Entity Component System: Component

2017-03-18

The second pillar of the ECS model is the Component. A component is some data associated with an Entity.

Coming to a precise definition of component is not easy. ECS literature does not clearly define a single component and public ECS examples differ greatly in their interpretation. We must start somewhere. What’s the smallest useful component?

Before we further define what a component is let’s define what a component isn’t. A component is not a resource or an asset such as a texture, mp3 track, collision model, or shader. These are examples of shared resources; components have exclusive ownership bound to an entity. These resources are also often tied to external libraries which will not conform to our ECS requirements. Our texture could be a Vulkan image, our music track could be stored in a WWise bank, and our collision model could be a Havok shape.

A component can reference a resource.

In fact a component with no state, empty, zero bytes, could by itself be useful. Its mere existence can signal some trait or behavior to a system. An empty component cannot be useful unless we can distinguish what type of component it is. The ability to query particular entity to see if it has a component of a certain type would allow this behavior. This feature also necessitates there be a relationship between an entity and a component. This leads to our first conjecture in component design.

A component must bind to an entity and be distinguishable by type

Since every component, including one with no other state, needs this information it is possible to lift this functionality out of the component. That is to say we can manage entity component relationships at a higher level than individual component types.

One step above an empty component is a component with a single piece of state. Take for example a component that stores the ‘x’ component of the position of an entity. Unless you are making a 1d game it is unlikely that any entity with an ‘x’ component would not also have at least a ‘y’ and likely ‘z’ component as well. There is some baseline overhead in creating managing and accessing components as shown above. Since these components will always exist together we can reduce that overhead by combining them into a single component. In fact this makes for our second conjecture in component design.

Consolidate mutually required fields in a single component.

There is however a potential benefit to storing ‘x’ by itself that should not be overlooked.
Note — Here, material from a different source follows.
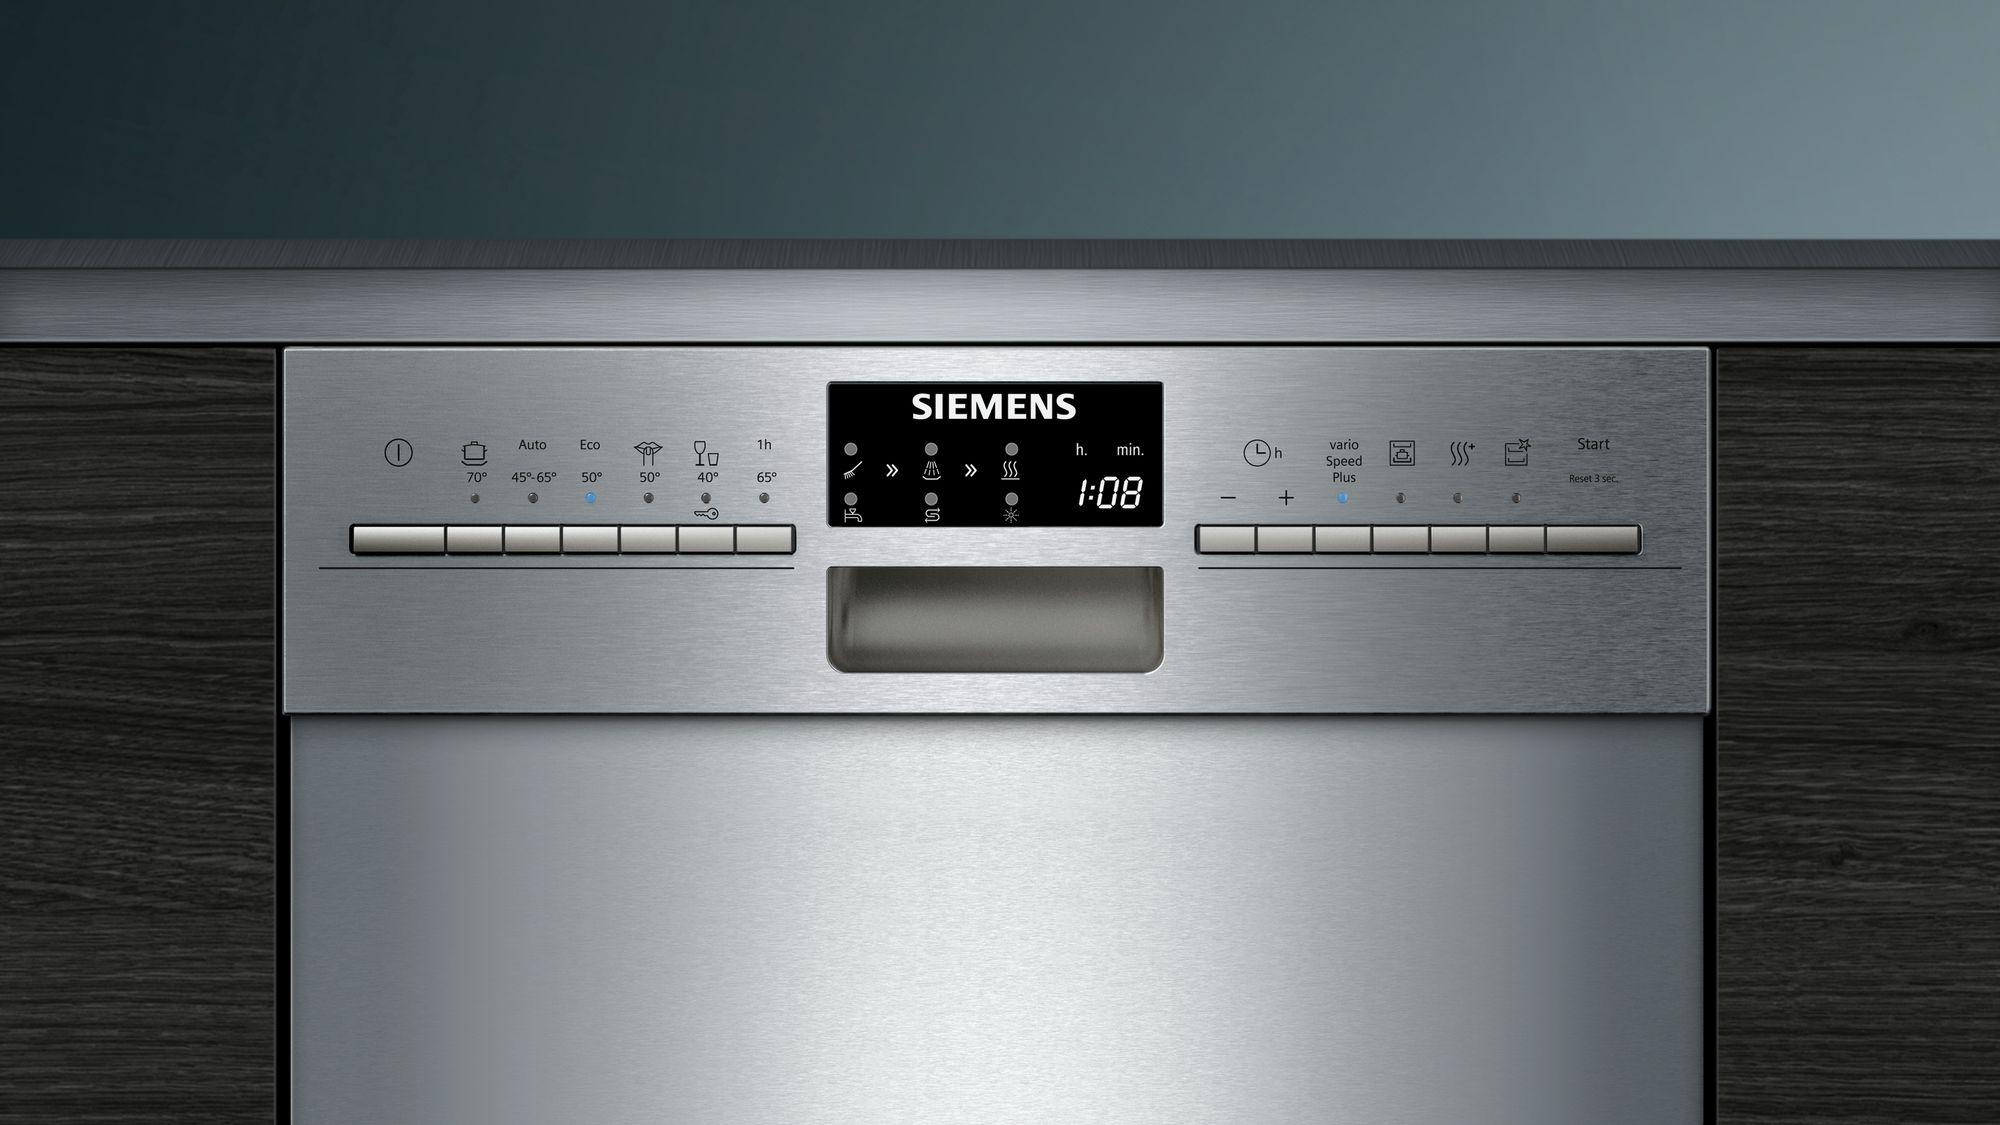 Siemens geschirrspüler speedmatic45 unterbau edelstahl 45 cm
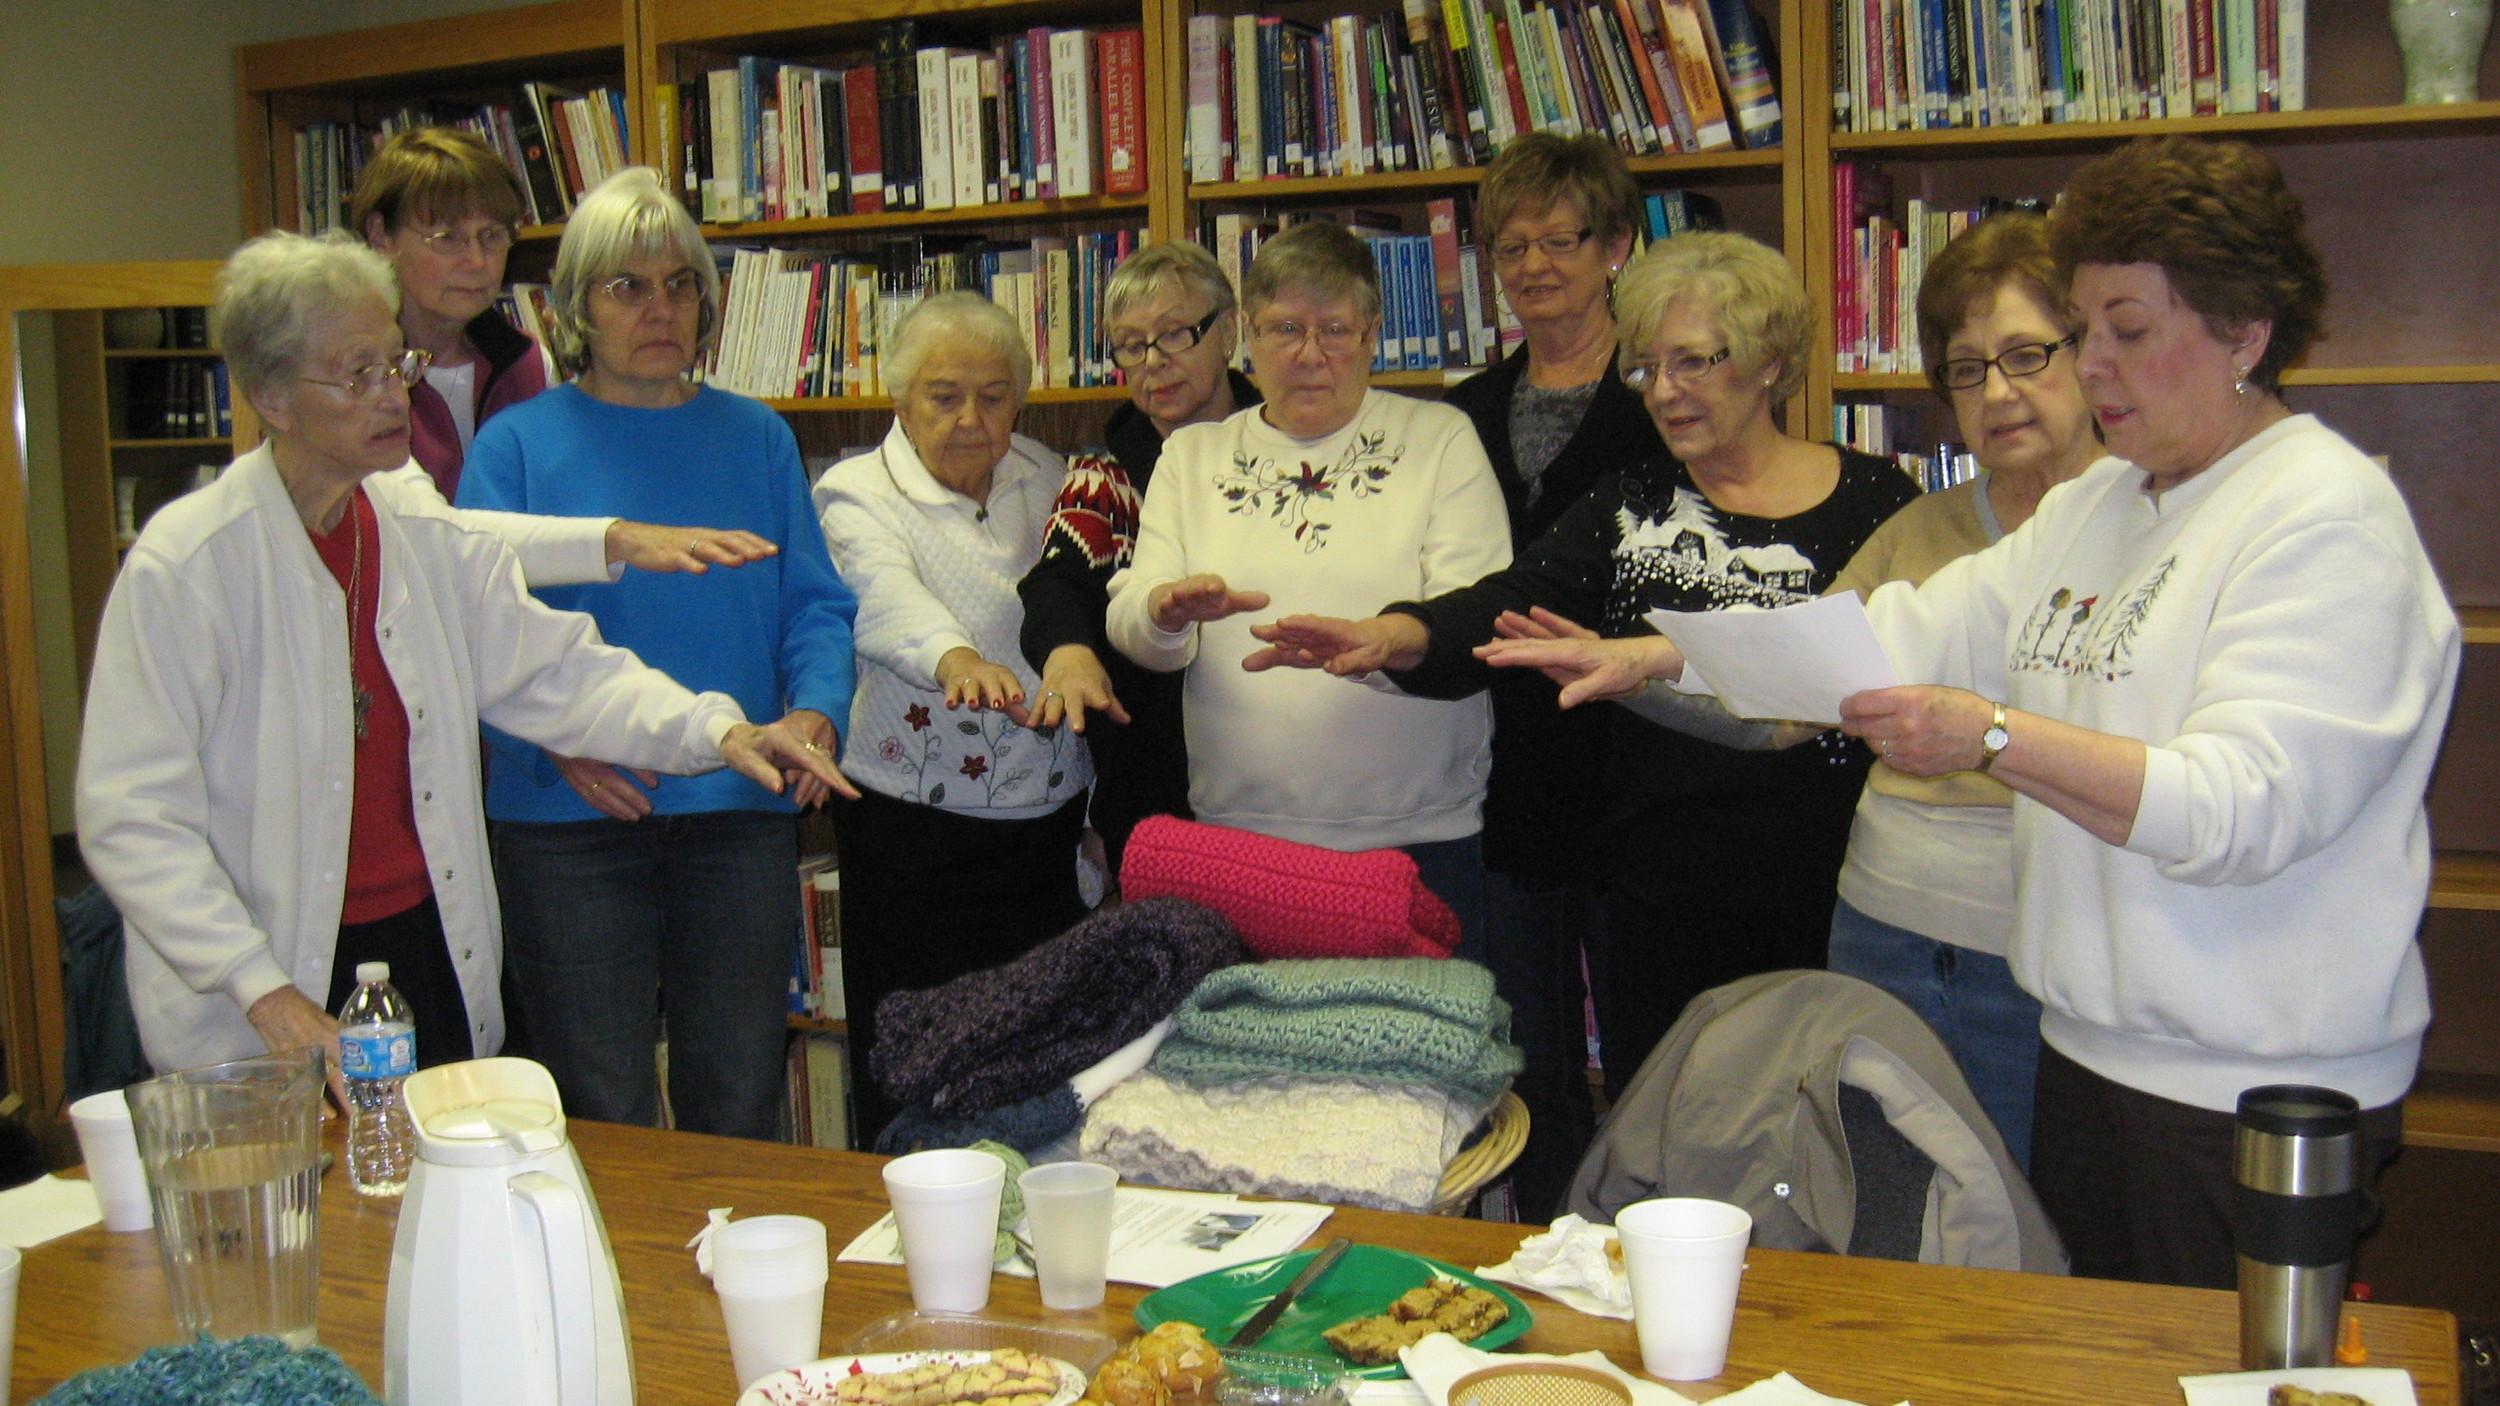 Blessing the Prayer Shawls

If ‘x’ components are stored in contiguous memory we can use SIMD operations to churn through 4 components at a time for certain operations. A particle system is a great example of this being useful in practice. There are other examples where padding the position with a 4th component making a homogeneous would be beneficial in allowing all components of a position to be processed with a single SIMD operation. And counterexamples where storing just the 3 xyz components contiguously will give the best cache utilization. There is no representation that is clearly best in all times and all places.

A position component is a viable minimal component but there is other data that is almost always used along with a position. An affine transform component would consist of a position rotation and scale. These are almost always used together and can be represented as a single 4x4 or 3x4 matrix. It’s certainly possible to keep them as separate components but there is a complexity and management overhead for doing so. Imagine transforming a point into an entities local space. You would need separate code paths for every possible combination of components. There is a strong argument here for potentially wasting a small amount of memory in order to reduce code size and complexity. The wasted size of storing 3 floats for an unused (all ones) scale may even be fully offset by removing the bookkeeping necessary for a separate scale component.

Sticking with our transform component most games have some form of Scene Graph that lets you make parent child relationship between entities. When a parent moves all of its descendants will move an equal amount. Most systems don’t actually care about these relationships. The rendering system doesn’t care that sword is a child of the hand. All it cares about is the final world space position of the sword. The IK system might care about this relationship, if your sword hits a wall the game may want to push back on the hand which will in turn push back on the arm. Walking the tree and computing the world transform by concatenating all child to parent transforms can expensive. We shouldn’t do this every time we need to know the world position of an entity. We can solve this with 2 transform components, local_transform and world_transform or we can solve this by storing 2 both sets of data inside a single transform component. This decision may rest on usage patterns, code reusability, and data-oriented design. We’ll do a more thorough treatment of hierarchies in a future post

It may be useful to think of an ECS as a relational database. What is the best analog for a component? I will disagree with some sources and say a component is best modeled by a table where columns are attributes of the component and rows are instances of the component. The primary key for each component table would be the entity id that owns the component. The set of all rows across all component tables with the same entity id is the state of that entity. An empty component is simply a table with no columns except for the entity id. There are limits to this metaphor and you won’t find won’t many people recommending using a SQL database directly for your ECS.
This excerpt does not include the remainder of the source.